Bug #78672 assert fails in fil_io during linkbench with transparent innodb compression
Submitted: 1 Oct 2015 15:03 Modified: 5 Oct 2015 18:23
Reporter: Mark Callaghan Email Updates:
Status: Verified Impact on me:
None 
Category:MySQL Server: InnoDB storage engine Severity:S3 (Non-critical)
Version:5.7.8 OS:Any
Assigned to: CPU Architecture:Any

[1 Oct 2015 15:03] Mark Callaghan
Description:
I get this error while running linkbench with transparent compression. I don't get it with old-style compression. Alas, the value of 'err' is not written to the db error log.
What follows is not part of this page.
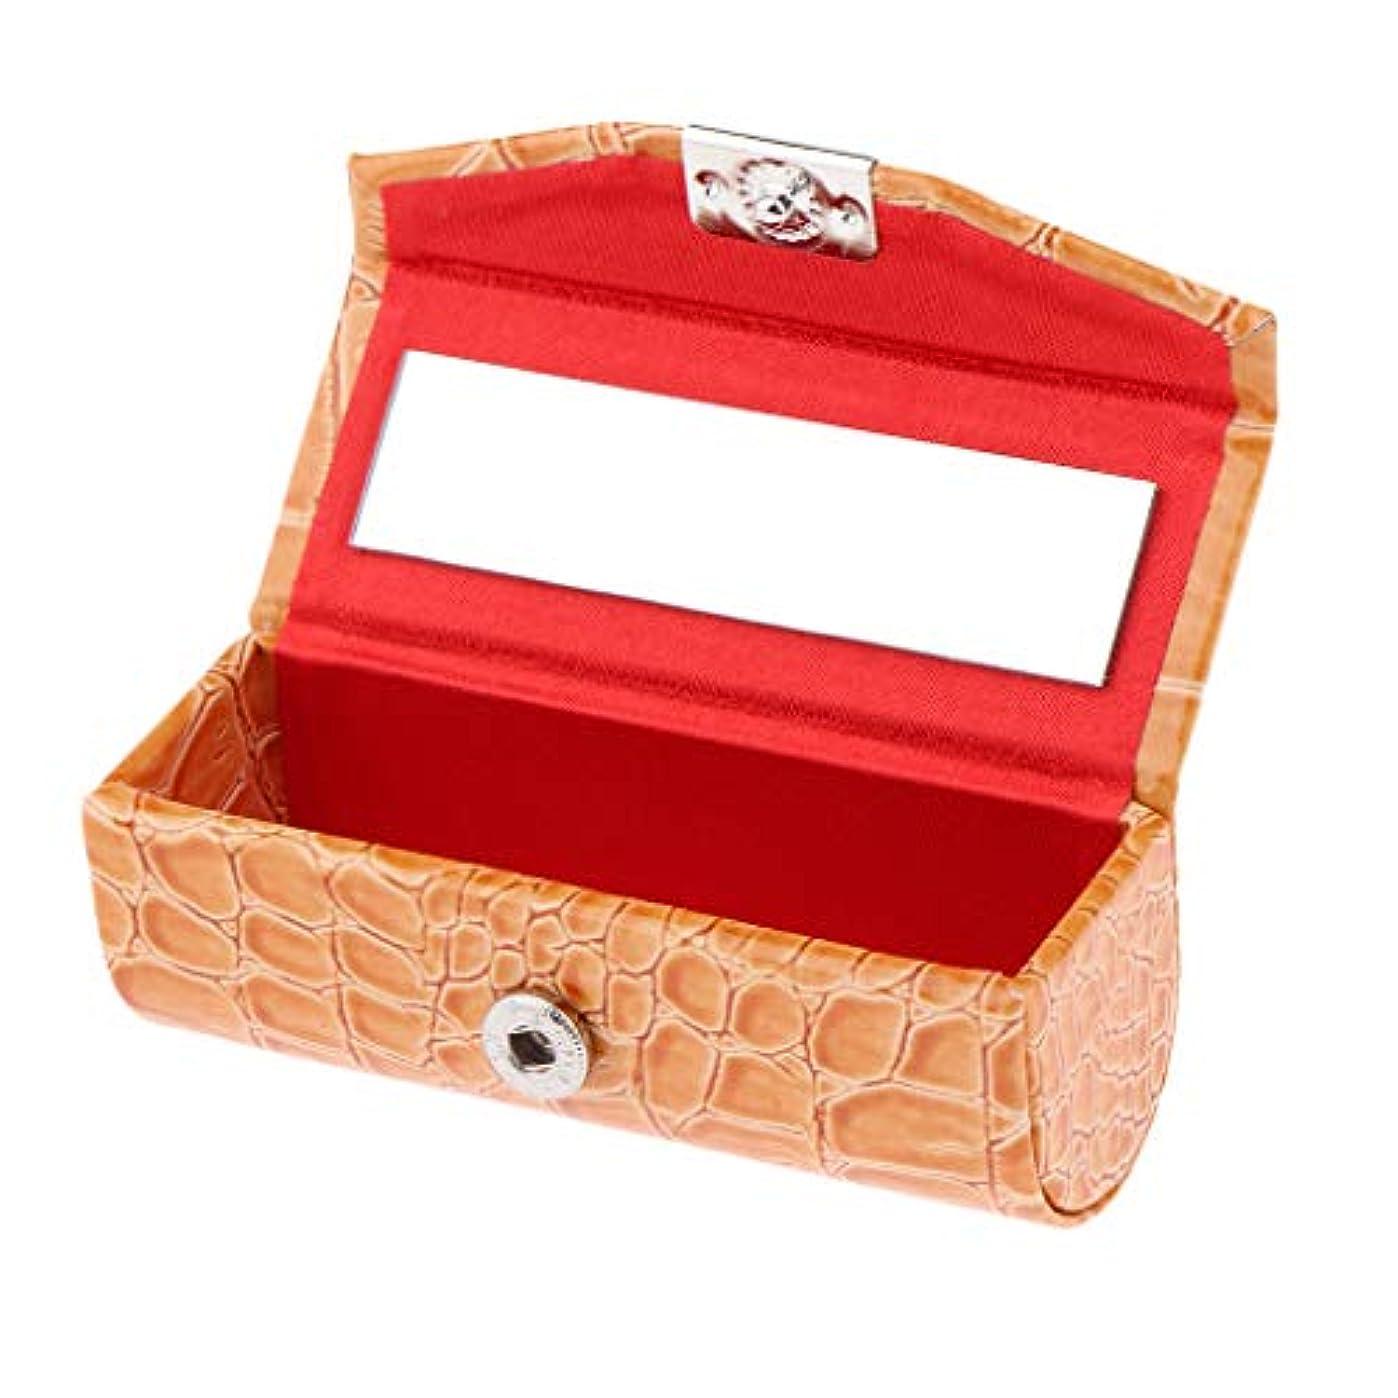 毛布スラッシュ覆すF Fityle リップスティックケース 口紅 ホルダー レザー 財布 ミラー 収納ボックス 多色選べ - オレンジ
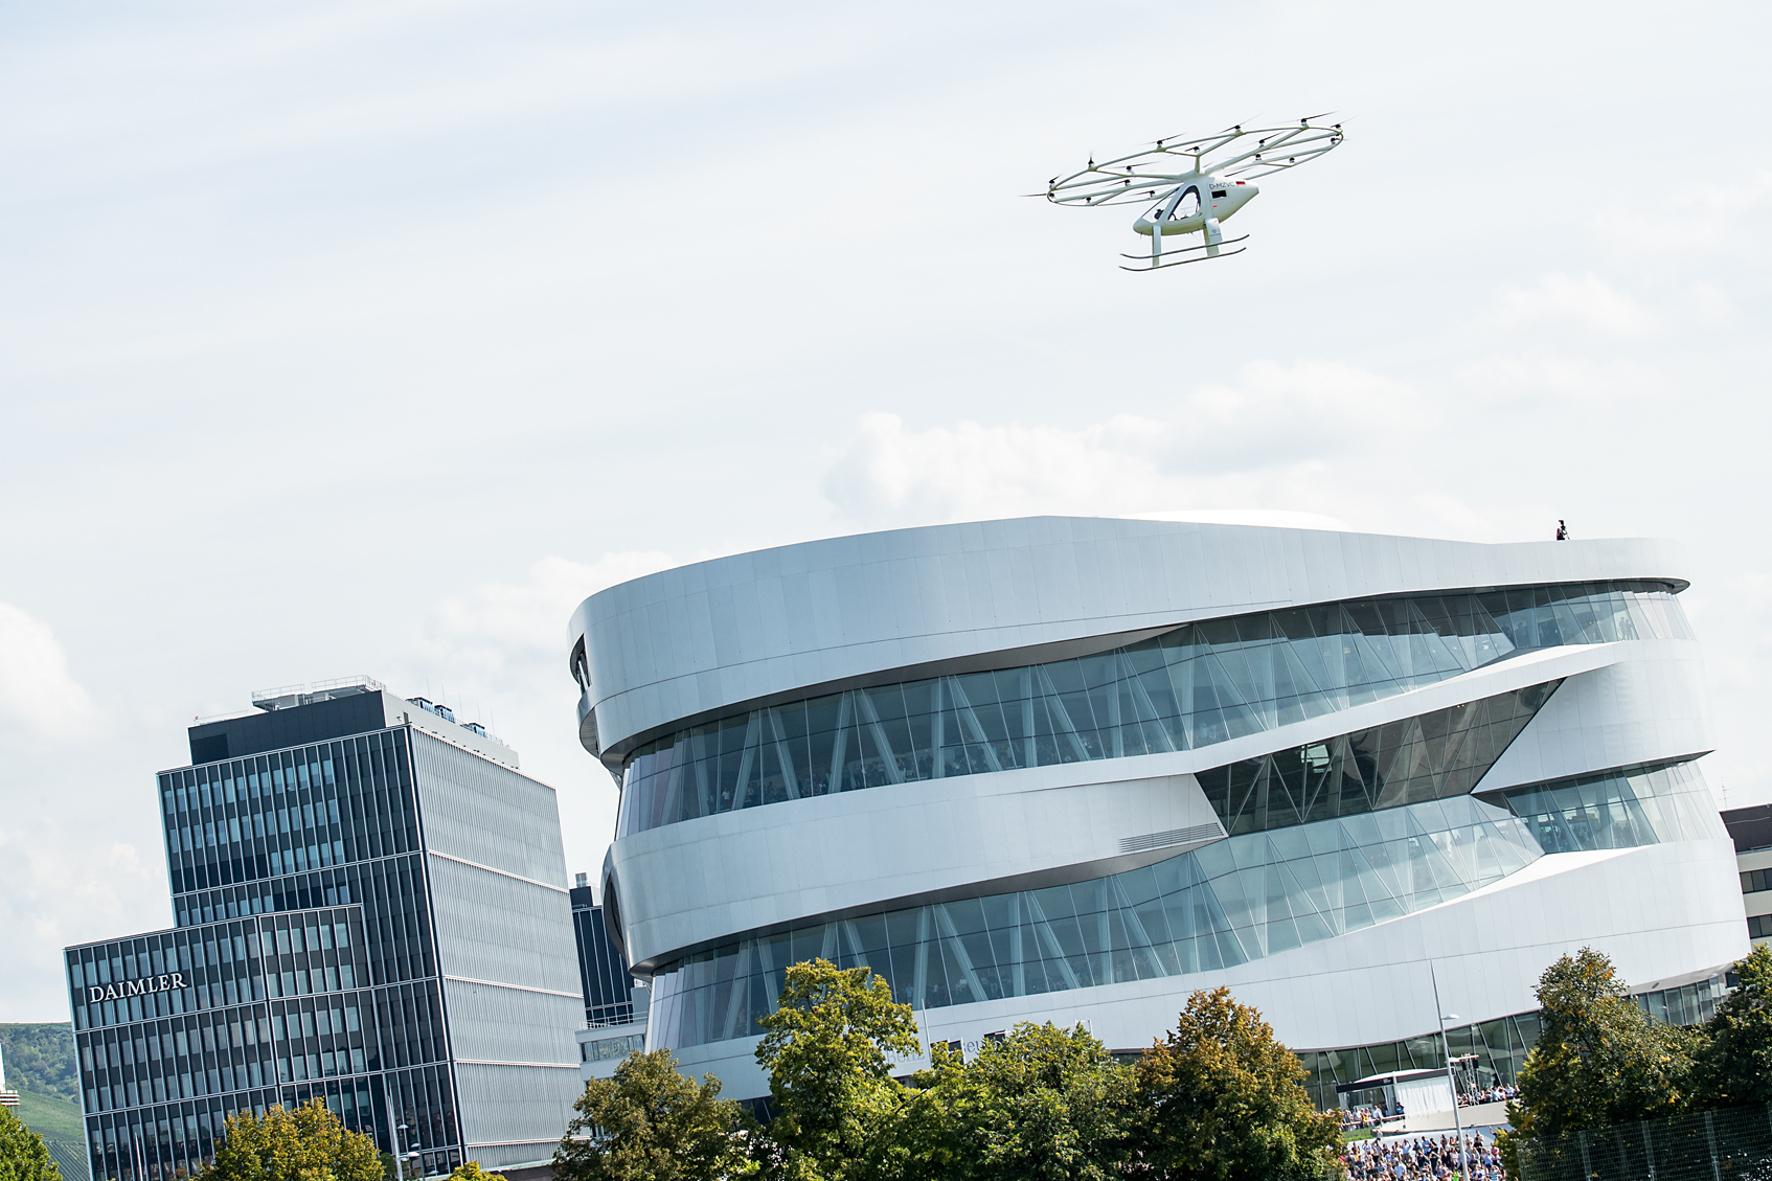 mid Groß-Gerau - Der Volocopter hat seinen ersten urbanen Flug in Europa erfolgreich absolviert. Daimler

2015-09-30 13:11:56 0x7f279d127700  InnoDB: Assertion failure in thread 139808115685120 in file fil0fil.cc line 5393
InnoDB: Failing assertion: req_type.is_dblwr_recover() || err == DB_SUCCESS
InnoDB: We intentionally generate a memory trap.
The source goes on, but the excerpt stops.